Иль невозвратен навек мир, дающий блаженство народам?

Или погрязнет еще, ах, человечество глубже?

(“Осьмнадцатое столетие”)

“Погрязнет, погрязнет, Александр Николаевич, успокойся”, — говорю в этом месте я…

Да, у них, суровых детей нашего российского “осьмнадцатого столетия”, все свое, глубоко личное, индивидуальное — было в загоне. Или, выражаясь подходящим штилем — оставалось в небрежении.
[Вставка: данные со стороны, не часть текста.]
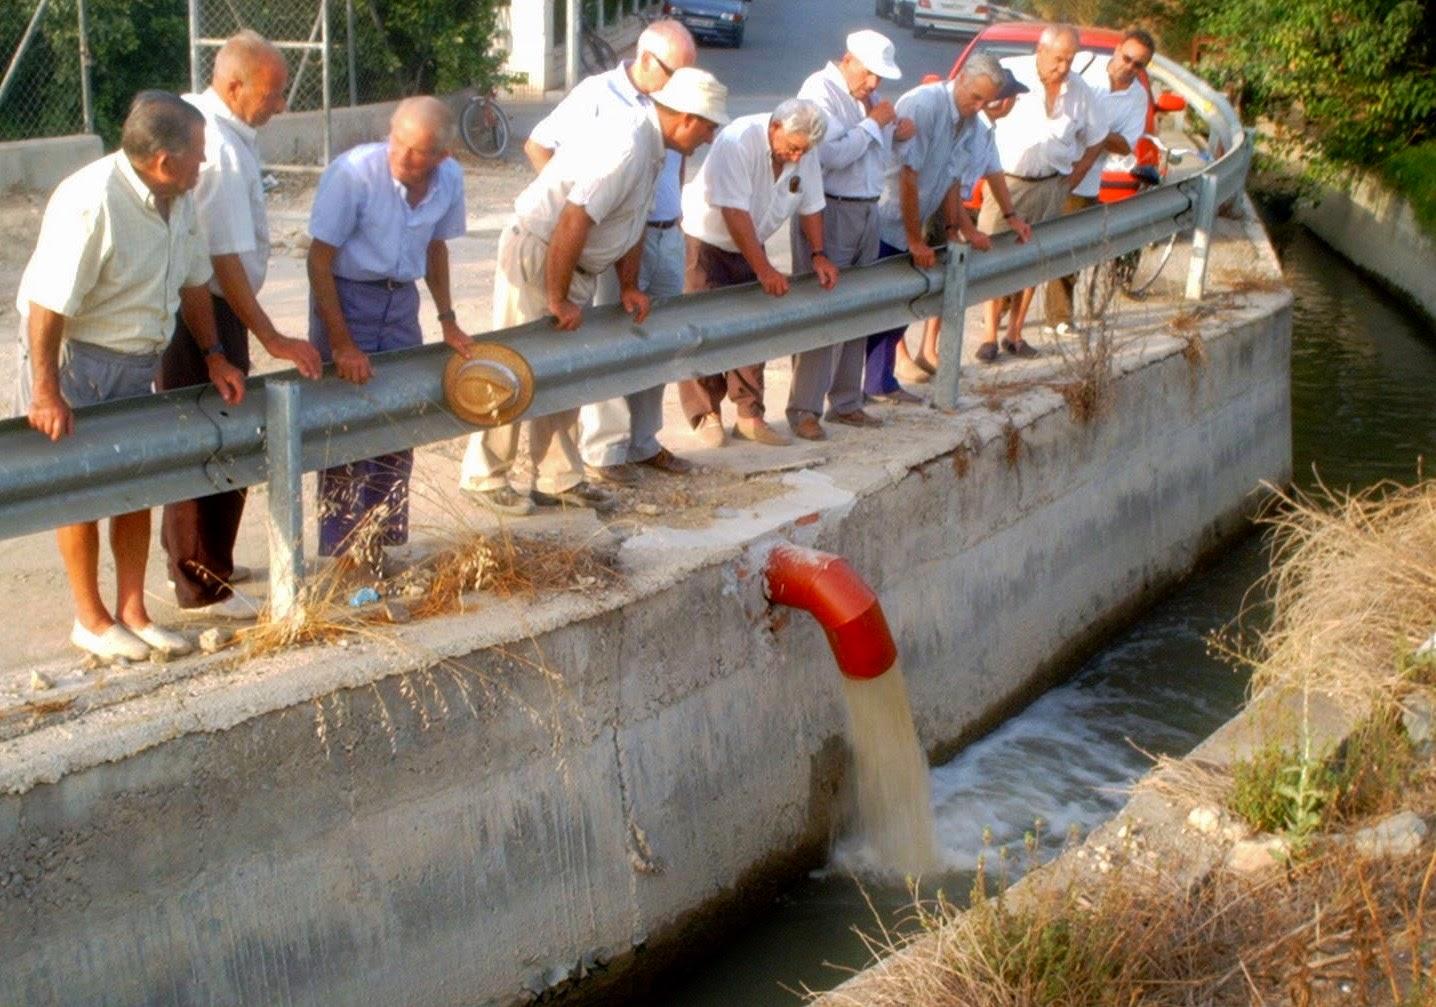 Agua de pozo a la acequia, Murcia
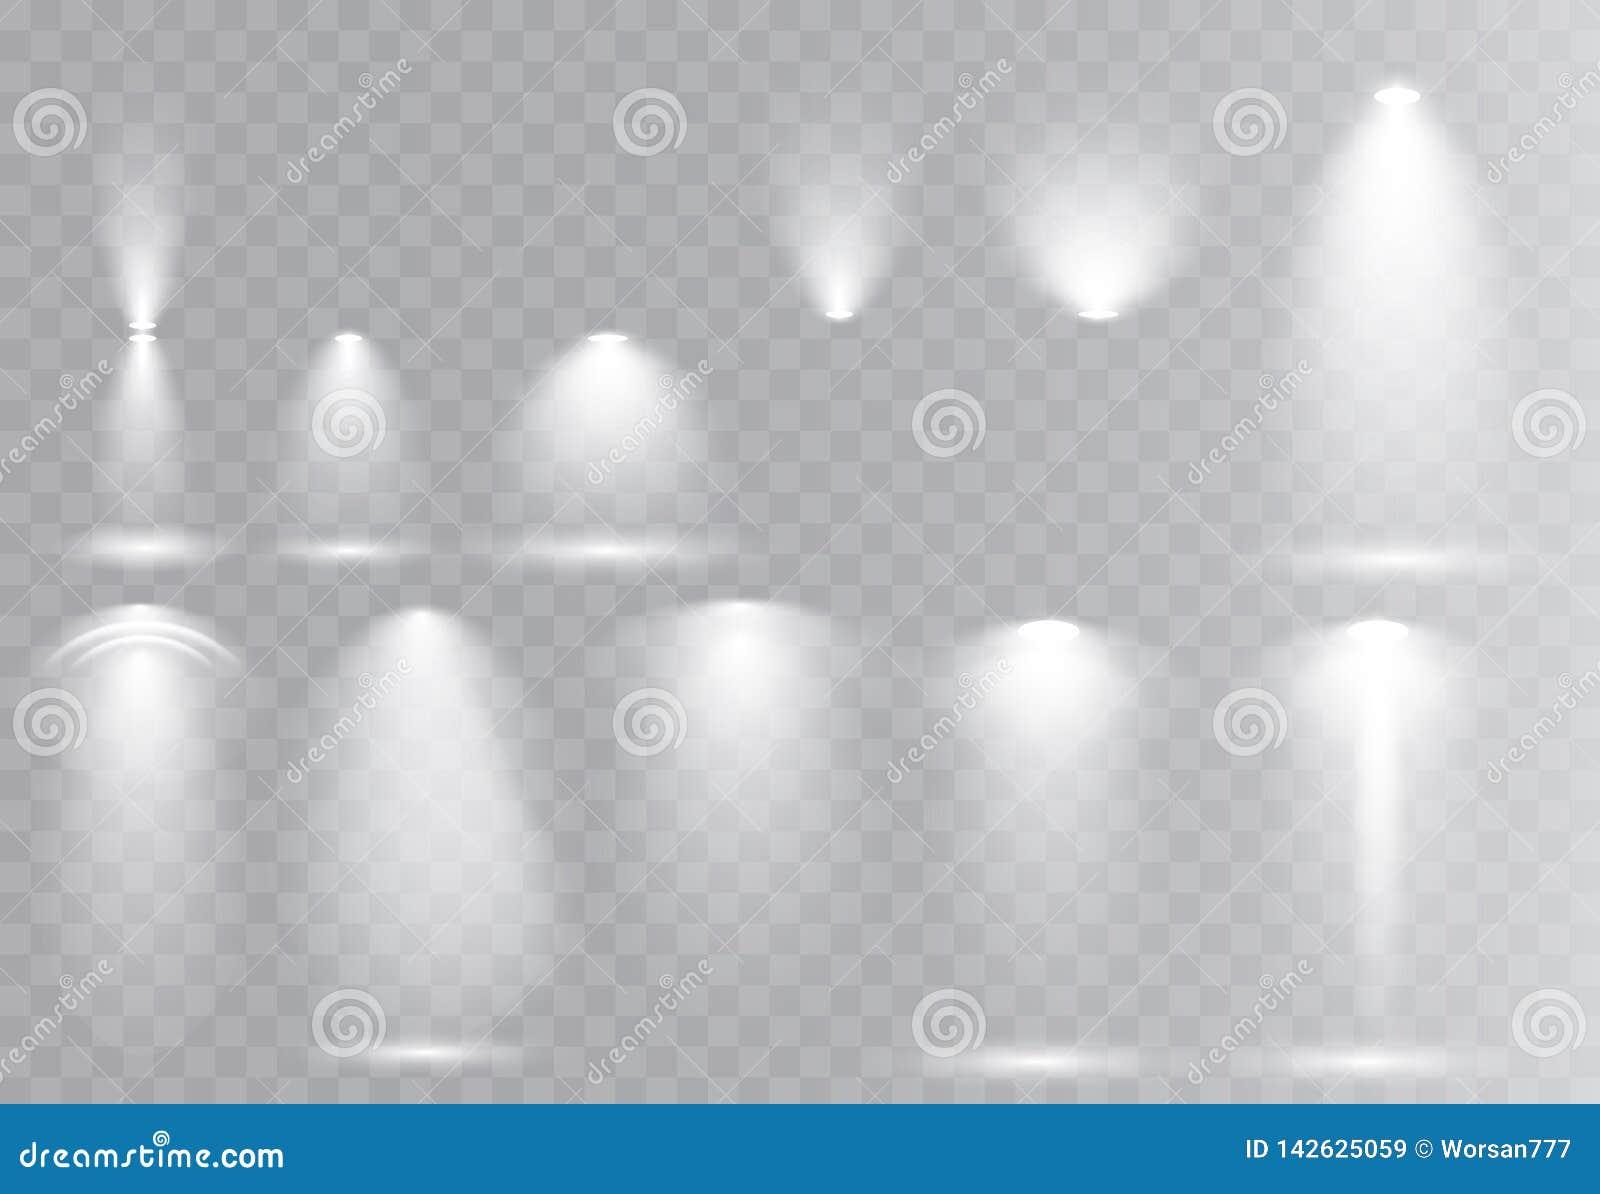 Vektorljuskällor, konsertbelysning, etappstrålstrålkastare ställde in prålig effekt för lins

Тем более не держалось в мыслях — писать об этом… Достойным воплощения в слове почиталось лишь общее, высокое, “социально значимое”. Им и в голову не приходило взглянуть на все прочее человечество через себя, через свой внутренний мир — напротив: если собственный внутренний мир и попадался иногда им на глаза, то это были глаза всего человечества

И вот он вернулся из “илимских нор”. “А жить ему в своих деревнях”, — как распорядился Павел. Тоже, считаю, милосердно. Только представить, как перенесся бы он сразу в Петербург, как поневоле вынужден был бы тут же окунуться… Зато с каким отрадным чувством читаешь сейчас его письма из деревни Немцово Калужской губернии: “…читаю мало, не пишу совсем ничего, эта мания давно уж прошла. Я брожу, гуляю в лесочке, что рядом с садом, в котором ничего и нет, кроме яблок; итак, я брожу в лесу, но не для того, чтобы размышлять или охотиться за дичью, которая здесь не водится, но, о! ваше сиятельство, конечно, не догадаетесь, я просто собираю грибы. (Выделено мною. — Б.В.) Прибыв сюда, я только и делал, что глядел, и этим насладился. Я видел, как убирали рожь и яровые, я видел сенокос. Я наблюдал, но я запретил себе размышления…” (21 сентября 1797 г.) Тут совсем другой язык, стиль, далекий от вмененного себе литературного, — простой, разговорный. Тут умиротворение, обретенный наконец-то покой… Или оттуда же, из Немцово: “…мне уже перевалило за 50. Земля вертится, время летит, еще несколько шагов — и кровь застынет и могила открыта. Не подумайте, что меня преследует меланхолия, нет. В эту минуту, когда я вам пишу, солнце поднимается во всем блеске славы, воздух чист, грудь легко дышит. Что же надобно еще для человека, страстно любящего природу?..” (27 декабря 1799 г.) Действительно — что еще надобно? Вот так бы и жил… Но в тех строчках проскальзывает еще и великая усталость. Однако это не столько усталость недавнего узника, сколько незаметно накопившаяся усталость честно работающего ума. “Я запретил себе размышления…”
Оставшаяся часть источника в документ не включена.